Как она и надеялась, Дионис спал, шумно всхрапывая и свернувшись, словно замерз... или пытался от чего-то укрыться. Ариадна поставила запечатанный горшочек поглубже на полку, где его нелегко будет разглядеть, а потом прикрыла бога покрывалом. Он был так красив — даже изможденный и грязный, — что, будь ее воля, она так и простояла бы всю жизнь, любуясь им, но он вдруг пошевелился, пытаясь перевернуться, и Ариадна, вняв предупреждению, вышла и закрыла за собой дверь.
Постояв немного, она отправилась сказать слугам, чтобы наполняли бассейн только холодной водой, а горячую держали на маленьком огне, пока не понадобится. Потом, припомнив вдруг, каким изможденным было лицо Диониса, помчалась на кухню: попросить повара приготовить отвар, которым она пользовала в подобных случаях своих братьев.
Повар выбранил ее за то, что она пришла сама — верховная жрица должна отправлять по делам слуг, а не носиться всюду, как девчонка на посылках, — но питье приготовил без проволочек. Ариадна постаралась поточнее запомнить, что и как он делает, чтобы суметь в случае нужды приготовить напиток самой.
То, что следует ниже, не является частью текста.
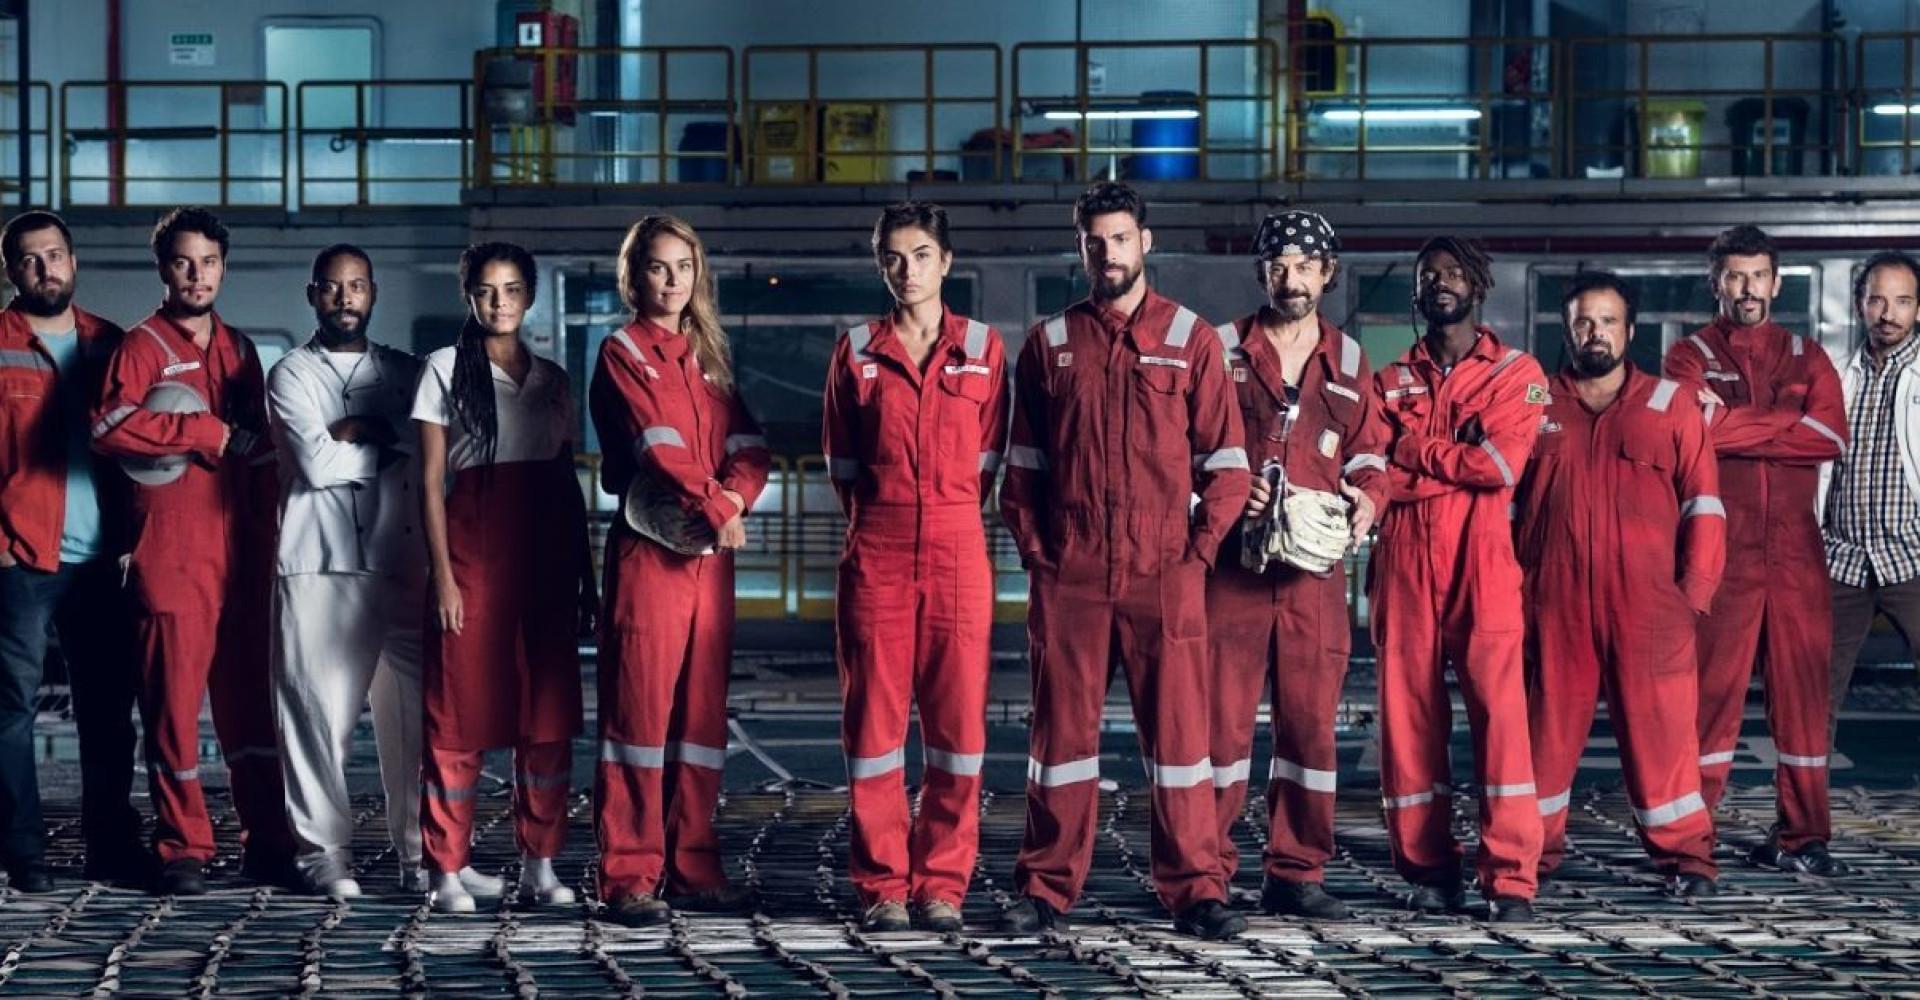 Globo decide exibir primeira temporada de 'Ilha de Ferro' na TV aberta

Возвращаясь, она совсем запыхалась, не столько от спешки, сколько от беспокойства — но все было в порядке, и она отнесла отвар в спальню, пристроив его на полке рядом с бальзамом. А после задумалась. Что толку прятать мазь, если полуобнаженный Дионис открыт всем взорам? Но он слишком большой, чтобы она могла одеть его в жреческий хитон. У Ариадны ушло пол-утра, чтобы соорудить более или менее приличное одеяние из ткани, выбранной ею для себя, — но когда она закончила, Дионис еще спал. В конце концов Ариадна поела одна и велела Хайне, чтобы днем еду подали еще раз. Наконец она начала подумывать, что ей тоже стоит чем-нибудь заняться, — и тут из спальни донесся голос Диониса. Сперва — во всяком случае, после того, как отвар подействовал — приготовления Ариадны, а она собиралась сама таскать горячую воду, чтобы слуги не увидели бога исцарапанным и в синяках, весьма позабавили Диониса. Потом он начал бросать на нее косые взгляды, и ко времени, когда, закончив есть, откинулся в кресле с кубком вина в руке, смотрел на нее уже так пристально, что девушку охватила дрожь. Заметив это, Дионис поманил ее — она подошла и села у его ног.
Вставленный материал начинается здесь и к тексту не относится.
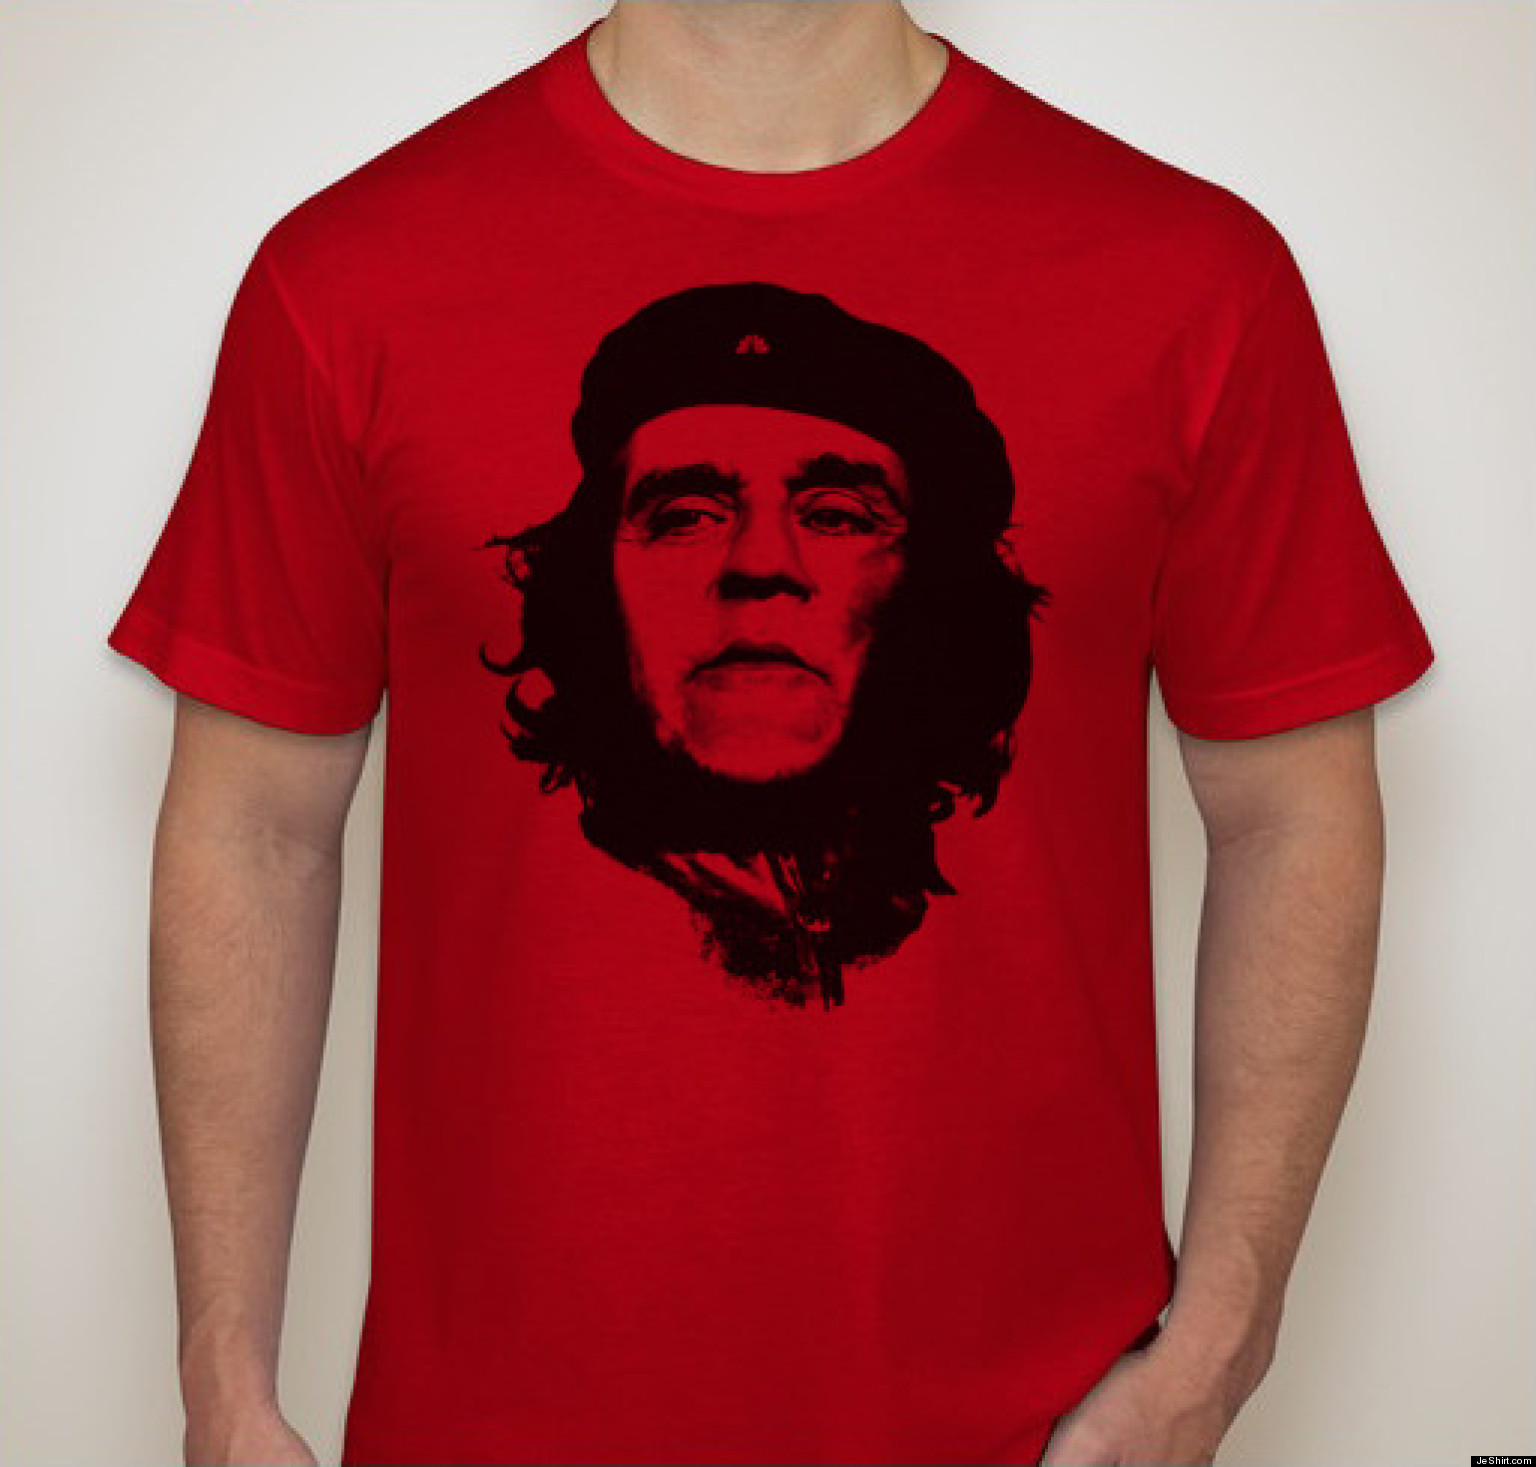 39che leno39 shirts bring jay leno and che guevara together for Che guevara t shirts

— Итак, ты размышляешь, кто я, да?
— Ты мой господин и мой бог. — Ариадна опустила голову.
— Не важно, бог или нет? Ты ведь так думаешь?
— Ты мой господин и мой бог, — упрямо повторила Ариадна.
— Ты так говоришь потому, что боишься того, что я натворю, если ты усомнишься в моей божественности?
Она вскинула глаза и смело встретила его взгляд.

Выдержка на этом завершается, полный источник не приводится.